**Information**
+++++
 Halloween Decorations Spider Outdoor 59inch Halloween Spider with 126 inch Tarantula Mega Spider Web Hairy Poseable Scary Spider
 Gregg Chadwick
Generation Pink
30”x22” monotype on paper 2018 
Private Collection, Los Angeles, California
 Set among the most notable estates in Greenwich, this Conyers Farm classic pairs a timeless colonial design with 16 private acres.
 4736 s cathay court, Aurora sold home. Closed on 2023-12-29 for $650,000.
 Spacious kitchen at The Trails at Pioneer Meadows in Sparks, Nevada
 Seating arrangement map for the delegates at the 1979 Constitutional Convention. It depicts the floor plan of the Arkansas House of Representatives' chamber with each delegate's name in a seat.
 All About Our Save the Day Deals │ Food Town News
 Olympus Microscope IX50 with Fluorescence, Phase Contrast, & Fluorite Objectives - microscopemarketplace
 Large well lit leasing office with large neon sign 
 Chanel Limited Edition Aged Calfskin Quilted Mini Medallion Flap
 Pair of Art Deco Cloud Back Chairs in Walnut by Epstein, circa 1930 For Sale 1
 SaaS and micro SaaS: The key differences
+++++
**Task requirements**
Lines from the top of the entries through the line with "4736 s cathay" are to be transcribed exactly, and nothing more.

**Exercise output**
 Halloween Decorations Spider Outdoor 59inch Halloween Spider with 126 inch Tarantula Mega Spider Web Hairy Poseable Scary Spider
 Gregg Chadwick
Generation Pink
30”x22” monotype on paper 2018 
Private Collection, Los Angeles, California
 Set among the most notable estates in Greenwich, this Conyers Farm classic pairs a timeless colonial design with 16 private acres.
 4736 s cathay court, Aurora sold home. Closed on 2023-12-29 for $650,000.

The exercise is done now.